Только Семенов засунул руки под мышки, потому что из всех его карманов торчали человеческие косточки, которые оракул решил похоронить на Сворском кладбище. Дело в том, что на монастырском дворе во времена проклятого режима монашки прятали зачатых во грехе новорожденных, предварительно удавив, чтобы те не кричали из земли. А звери после разгона и краха пустыни в голодные месяцы отрывали кости, обгладывали и разбрасывали по двору…

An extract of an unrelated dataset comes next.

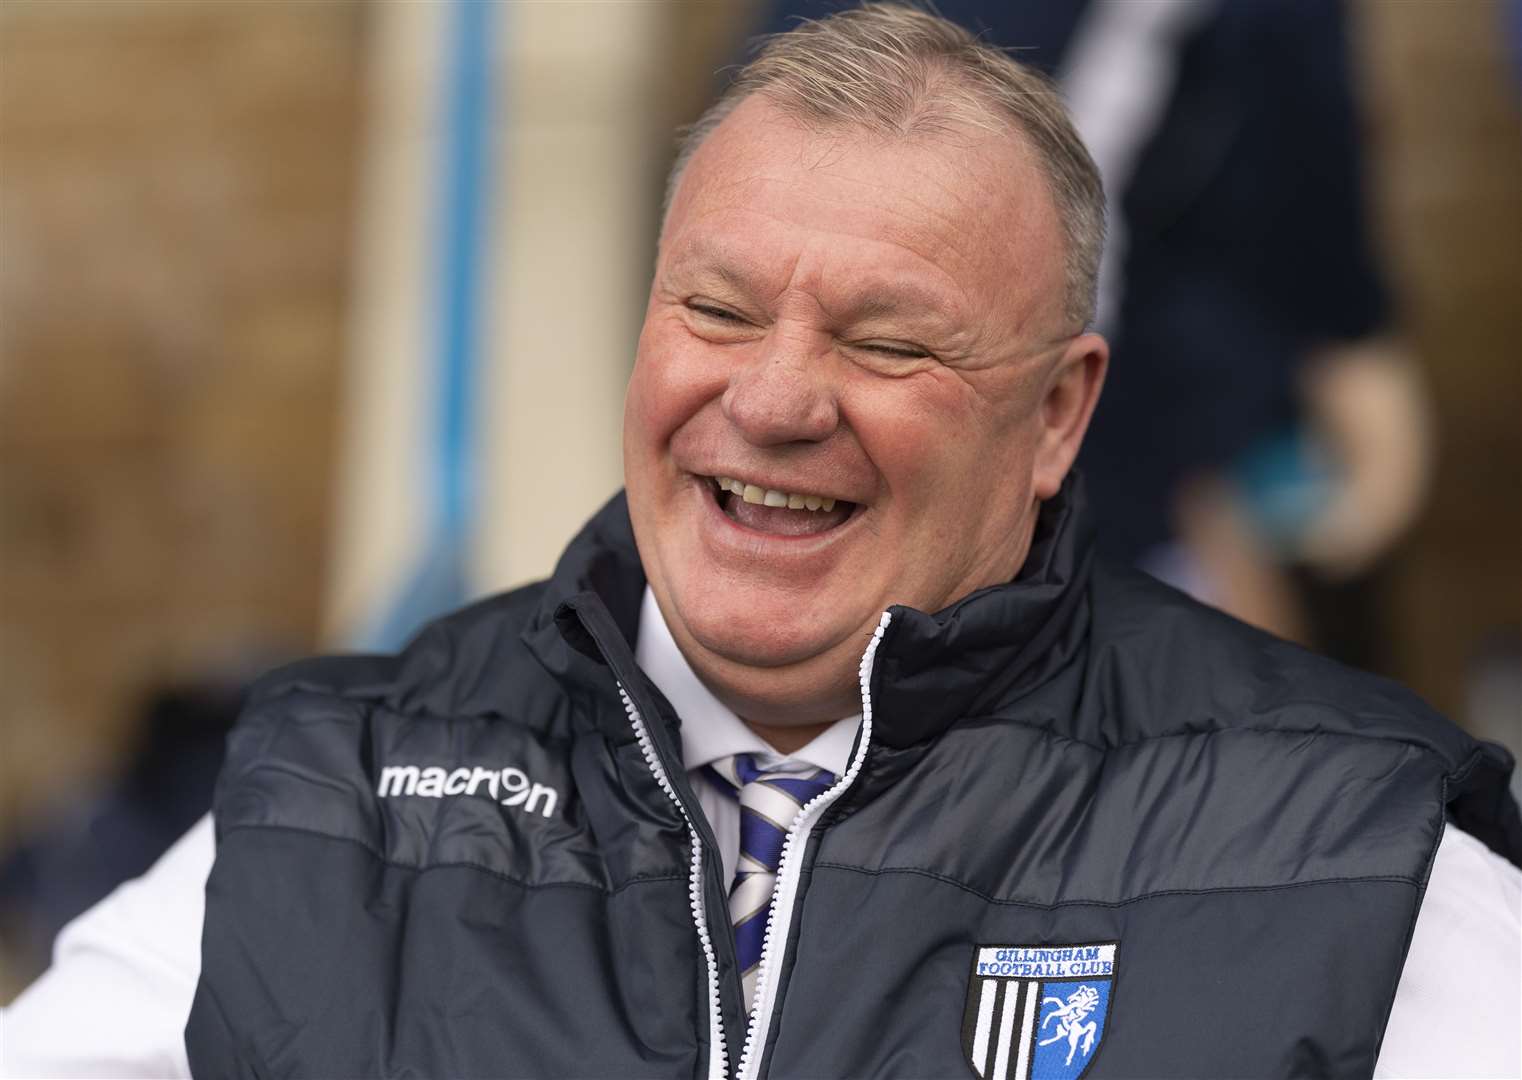 Gillingham manager Steve Evans enjoyed Friday's training after Scotland's Euro 2020 qualification Picture: Ady Kerry
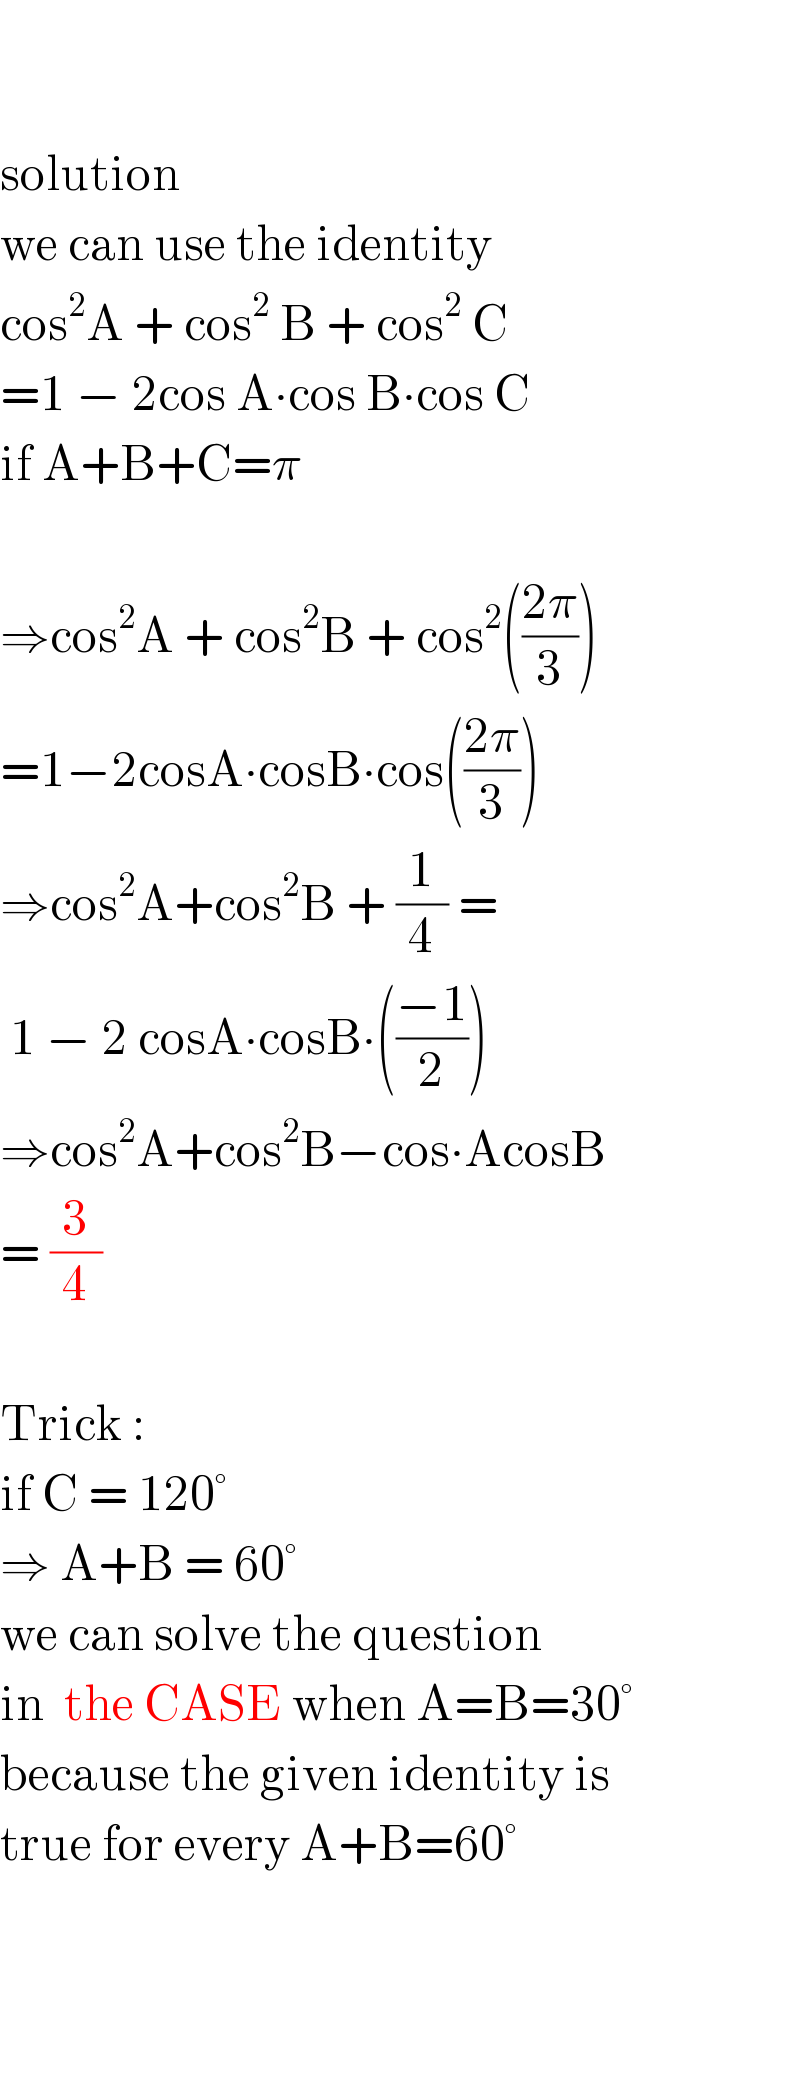     solution  we can use the identity  cos^2 A + cos^2  B + cos^2  C  =1 − 2cos A∙cos B∙cos C  if A+B+C=π    ⇒cos^2 A + cos^2 B + cos^2 (((2π)/3))  =1−2cosA∙cosB∙cos(((2π)/3))  ⇒cos^2 A+cos^2 B + (1/4) =   1 − 2 cosA∙cosB∙(((−1)/2))  ⇒cos^2 A+cos^2 B−cos∙AcosB  = (3/4)    Trick :  if C = 120°  ⇒ A+B = 60°  we can solve the question  in  the CASE when A=B=30°  because the given identity is  true for every A+B=60°

IV. ИГРА «ДАРИТЬ — ОТДАРИВАТЬ»
Участники садятся в круг. Первый тихо говорит на ухо соседу, что он ему дарит, например, «яблоко». Сосед должен запомнить подарок, и сам, в свою очередь, подарить следующему, например, «велосипед». Одновременно в обратном направлении идет отдаривание. Последний говорит на ухо предпоследнему, что надо сделать с предметом, который ему подарят. Иногда получается очень смешно: яблоко предлагают съесть, книгу — прочитать, а сковородку — выкинуть.
Солнце лезло в окно и звало из постели так настойчиво, безотвязно и требовательно, что ван дер Югин в своей кроватке надвинул простыню по уши, спасаясь от света, продлевая негу между сном и бодрствованием, удивляясь, почему до сих пор не кричат «Ребятки! Вставать пора!» Сколько ни бился И над этим вопросом — ответа не нашел. Ответ, решил он, можно получить только экспериментальным путем. Сосчитаю до десяти и встаю. Лучше — до ста. Раз, два, три… Воспитательница давно вылила бы на меня чашку холодной воды и хохотала бы до полдника. Откуда у нее такие припасы черного юмора? Я ведь помню ее сопливой девчонкой. Тихая была и вся в родинках, как подсолнух. «Дядя И, сделай мне бумажный кораблик». — Делал. Чего ж не угодить ребенку? Яблоки ей разрешил рвать в своем палисаднике; с будущим супругом, можно сказать, свел, и вот благодарность за счастливое детство: стакан воды в постель! Ван дер Югин ножкой спихнул простыню на пол. По глазам ударил невыносимый свет, как в кинотеатре при обрыве пленки вдруг вспыхивает черный потолок, и сразу не разберешь что к чему — только пустой белый экран впереди.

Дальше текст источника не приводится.